[Data]
########################################
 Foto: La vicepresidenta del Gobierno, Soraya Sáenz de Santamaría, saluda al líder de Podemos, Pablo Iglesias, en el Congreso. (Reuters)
########################################
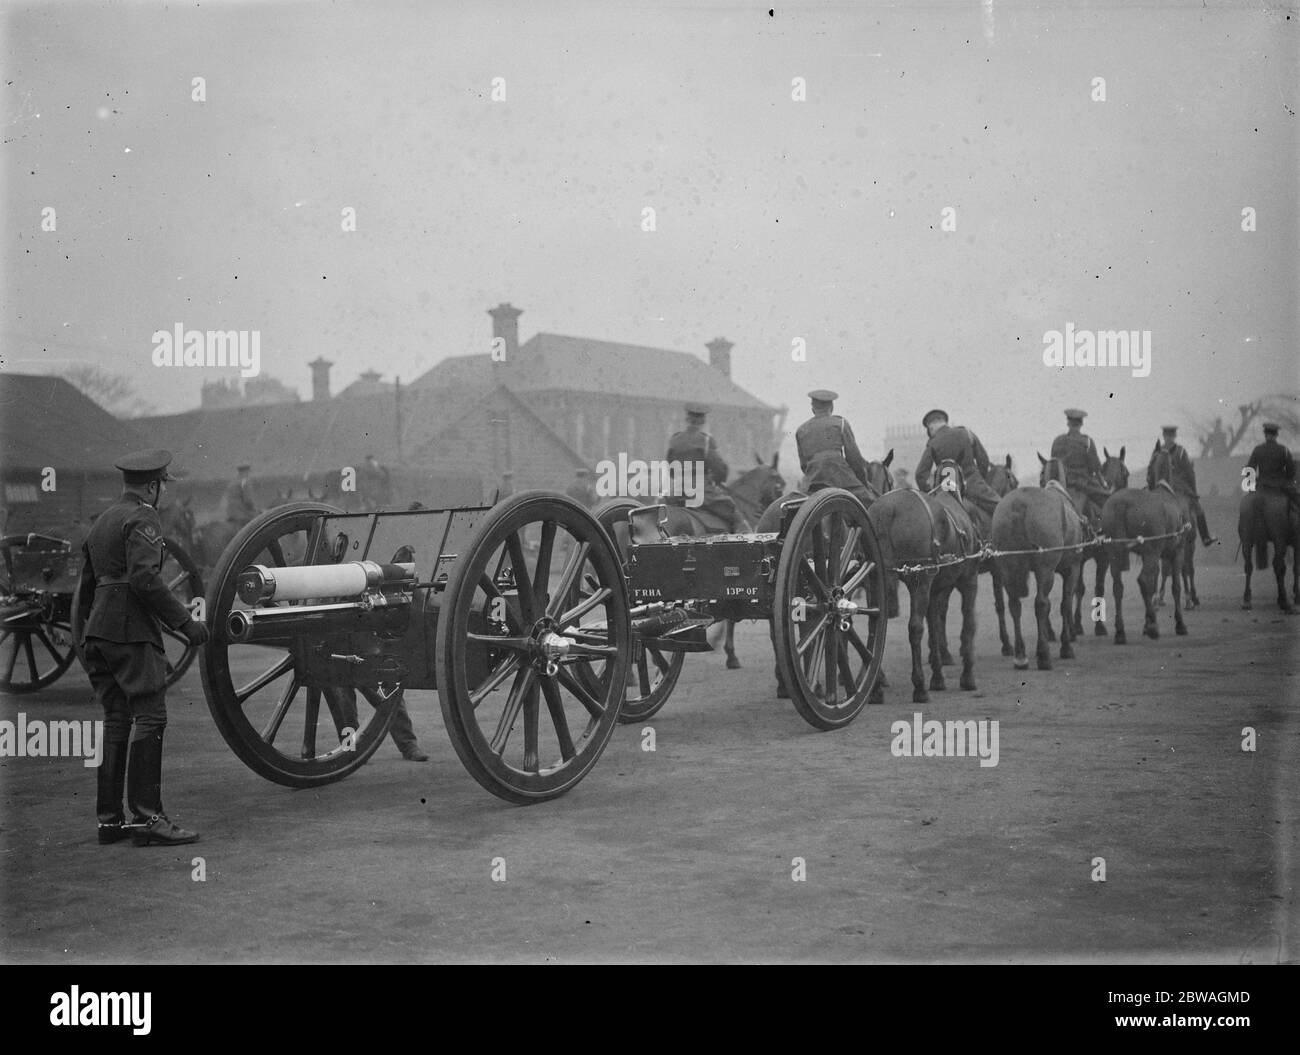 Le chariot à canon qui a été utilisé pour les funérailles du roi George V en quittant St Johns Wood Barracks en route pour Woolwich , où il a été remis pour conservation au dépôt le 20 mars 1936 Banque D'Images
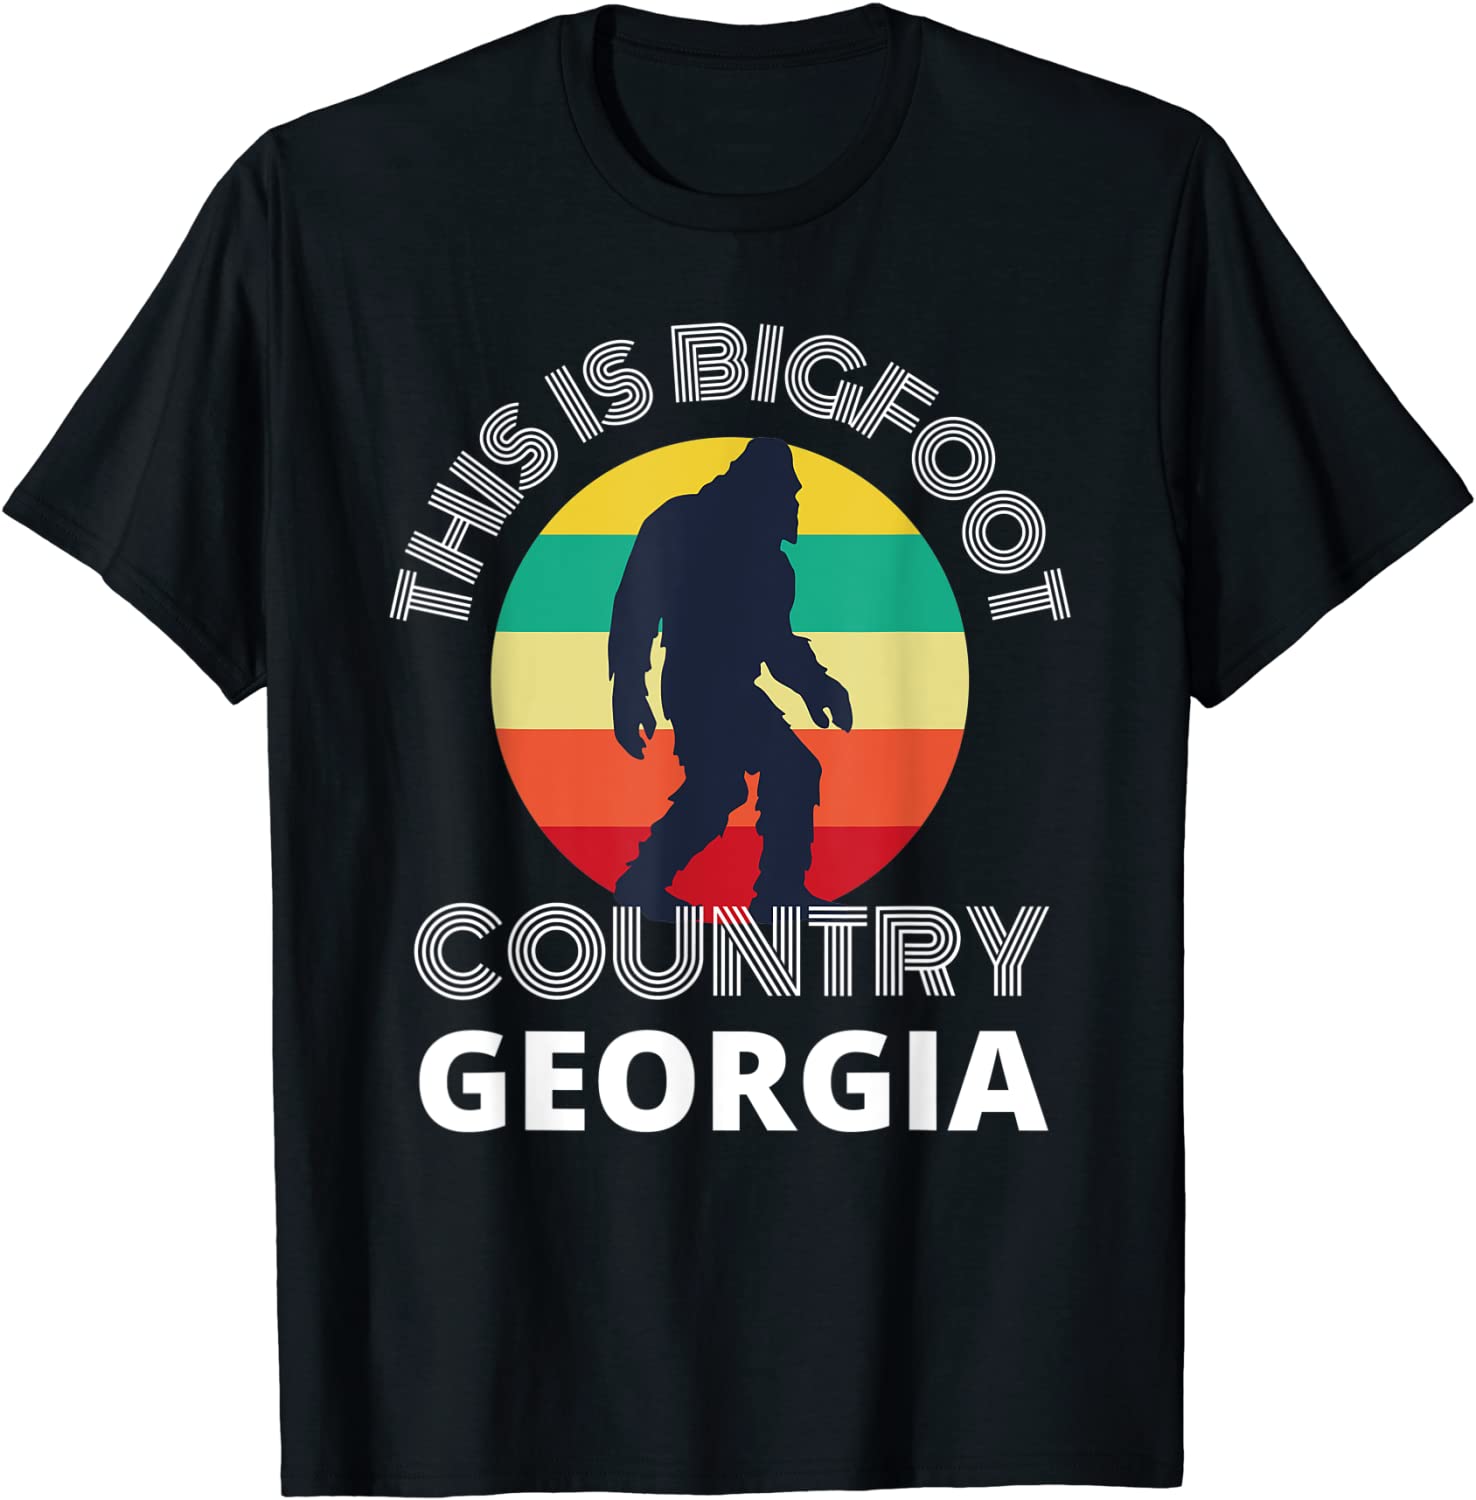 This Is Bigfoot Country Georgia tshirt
########################################
[Assigned task] An exact copy is needed of the stretch above that opens with the line containing "Le chariot à" and closes with the line containing "This Is Bigfoot Country Georgia tshirt"; the pictures are not part of it.

[Reply to the exercise]
 Le chariot à canon qui a été utilisé pour les funérailles du roi George V en quittant St Johns Wood Barracks en route pour Woolwich , où il a été remis pour conservation au dépôt le 20 mars 1936 Banque D'Images
 This Is Bigfoot Country Georgia tshirt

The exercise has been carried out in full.